Jarrett points out that with greater resources comes greater vulnerabilities. “Although our size allows us to have more resources than a small hospital or group of hospitals, it also means that there are many more potential sites for failure of our defenses,” he explains. “With 61,000 employees, the task of maintaining a high level of awareness around social phishing is monumental.”

Culture and Consultants Do, Too

Both Jarrett and Saldana are quick to point out that their organizations see cybersecurity threats like ransomware as more than just a problem for the IT department to solve. “Our organizational culture is really what makes this work,” says Saldana. “Our C-suite is very educated on the issues and very supportive, and the programs have been broad in scope – beyond just IT.”

“The C-suite recognizes this is not just an IT issue,” Jarrett adds. “They have supported IT in its efforts to ensure network security.”

For both organizations, support also comes in the form of outside expertise. Northwell engages third-party consultants to evaluate its cybersecurity and provide an outsider approach to vulnerabilities. Texas Health Resources has multiple partners that perform periodic testing of its internal and external defenses, as well as monitor its cyber defenses. “We have selected these vendors through proof-of-concept testing and self-defined cybersecurity capability needs,” Saldana explains.

Prevention Boils Down to Awareness

Saldana believes that cybersecurity prevention and preparation begins with awareness. “The first step is to acknowledge that you are constantly being targeted by threats,” he explains. “Then, backups, backups, backups. Know your recovery time requirements and build backup restoration capabilities to match those requirements. Ensure you have an effective and tested business continuity plan for scenarios when data might be unavailable.”

Saldana also suggested that providers keep their tools up to date and conduct frequent phishing training and testing to prepare employees. “Have an incident response plan in place and prepare your employees to have a heightened awareness,” he adds. “Carefully manage access and be prepared to respond and practice your plan. And don’t forget to keep up with industry intelligence. It’s important to see and learn from other organizations in many areas and to support other organizations who are targets for these types of threats.”

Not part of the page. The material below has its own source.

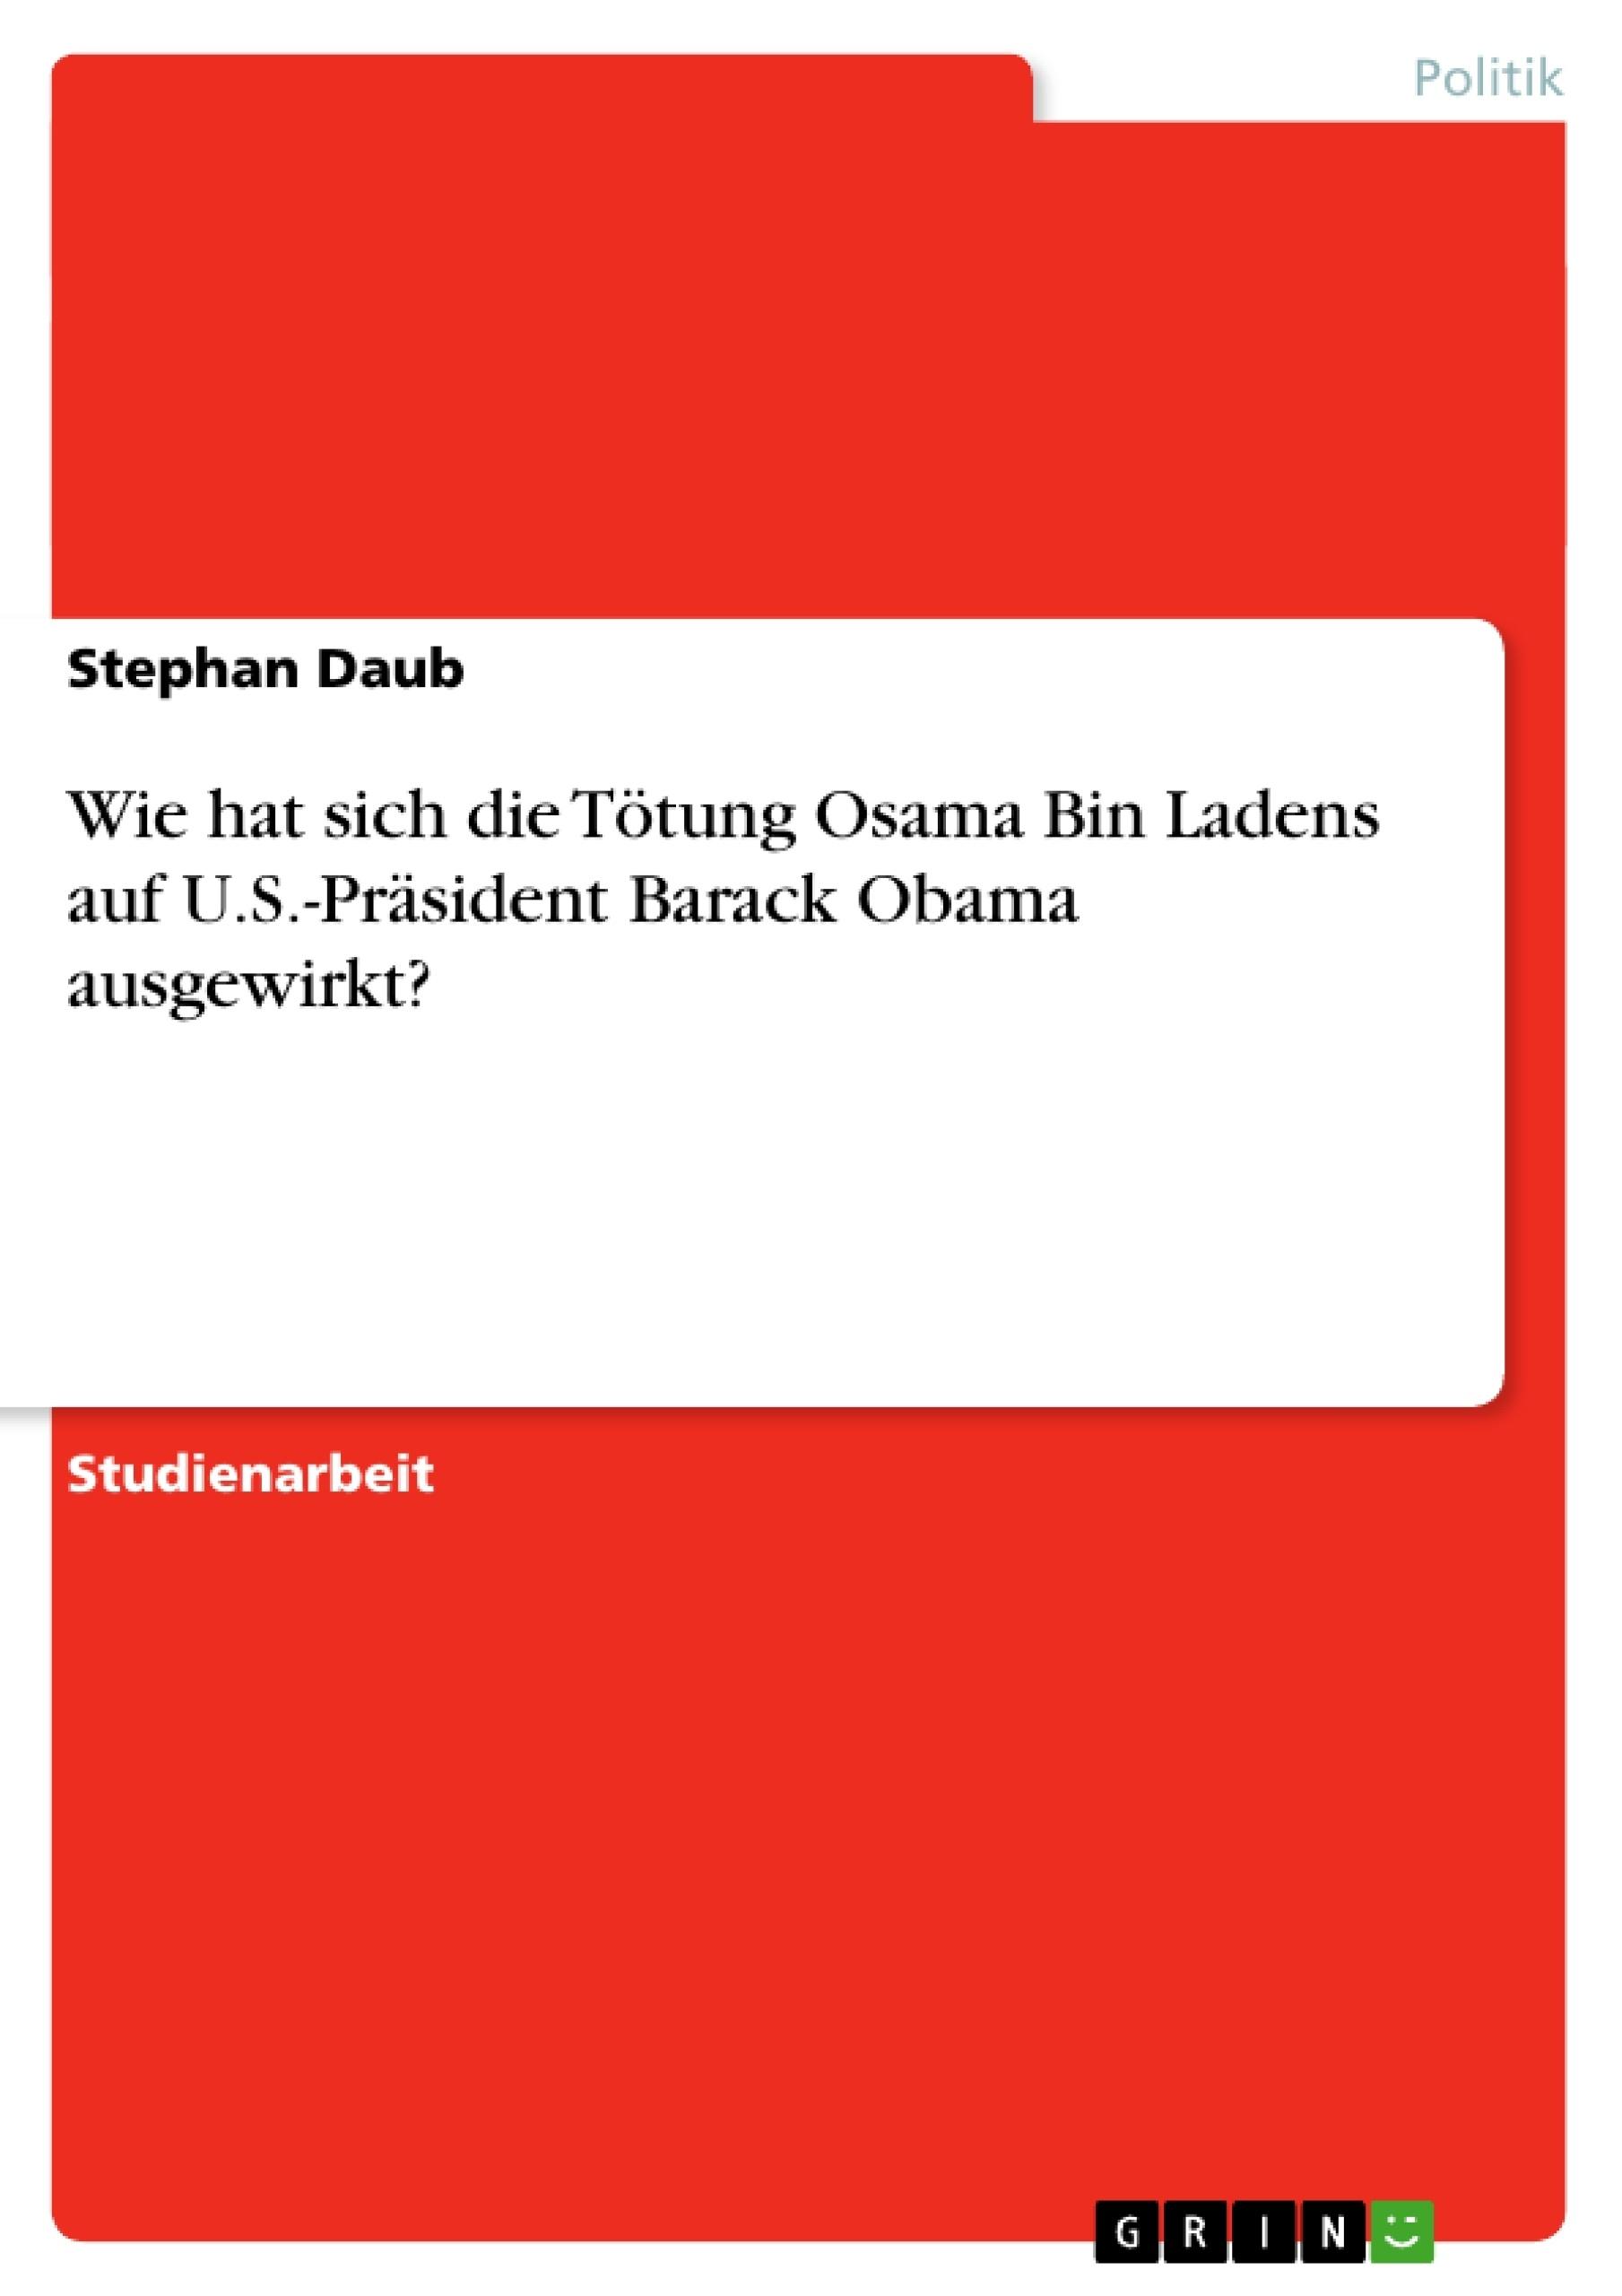 Titel: Wie hat sich die Tötung Osama Bin Ladens auf U.S.-Präsident Barack Obama ausgewirkt?
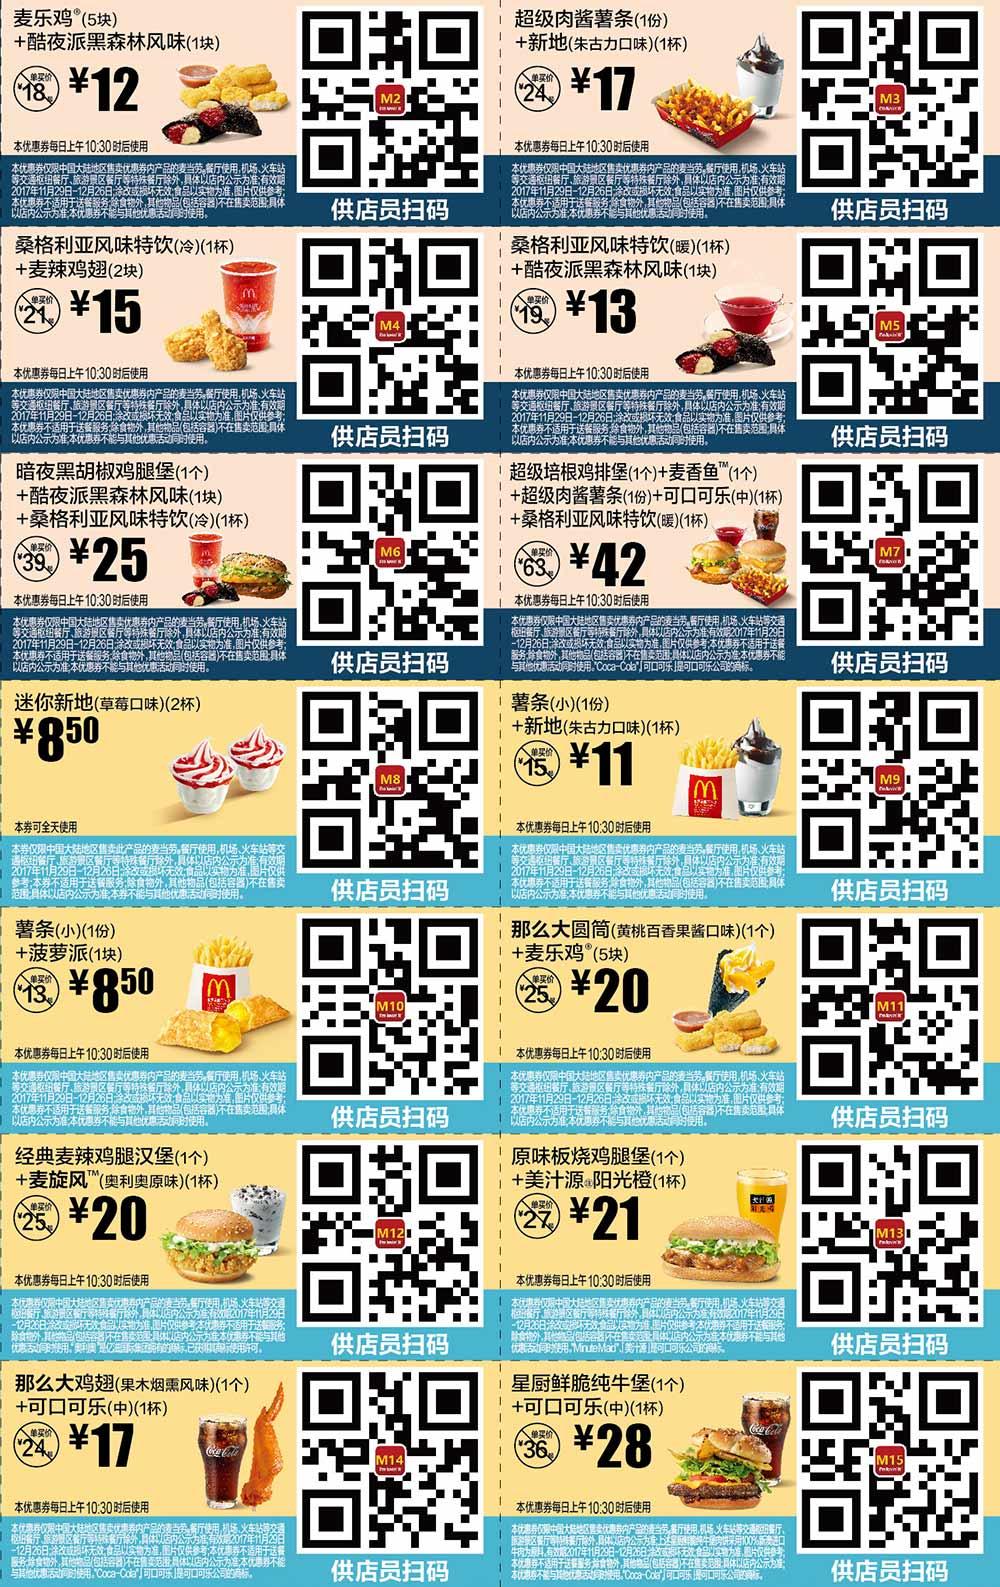 优惠券图片:麦当劳优惠券2017年11月12月份手机版整张版本,点餐出示给店员扫码享优惠价 有效期2017年11月29日-2017年12月26日

Learning from Hospital Peers

The Intermountain / University of Utah shared Security Operations Center will play a big part in helping providers share industry intelligence around cybersecurity threats in real time. “It will be an opportunity for partner organizations to share learnings and intellectual property around security,” says Intermountain CIO Marc Probst. “There is also the opportunity to share some technical solutions and security intelligence. For example, the ability to immediately understand threats that other organizations are experiencing and to take action to prevent these at your own organization. To the extent organizations are members of the shared SOC, they could inherit these benefits.”

Probst adds that organizers hope to see the center up and running before the end of this year. “There are many details to work out.” he explains, “It’s possible that the participants could change and/or increase. There’s still a lot of work to do, but we are convinced that this is a good idea and we are actively pursuing it.”

Probst’s words reflect the learning curve the healthcare industry is still experiencing when it comes to cybersecurity and more targeted ransomware attacks. There is still – and will likely always be – a lot of work to do. Culture, collaboration, and vigilance will be key to ensuring that ransomware-related headlines soon become a thing of the past.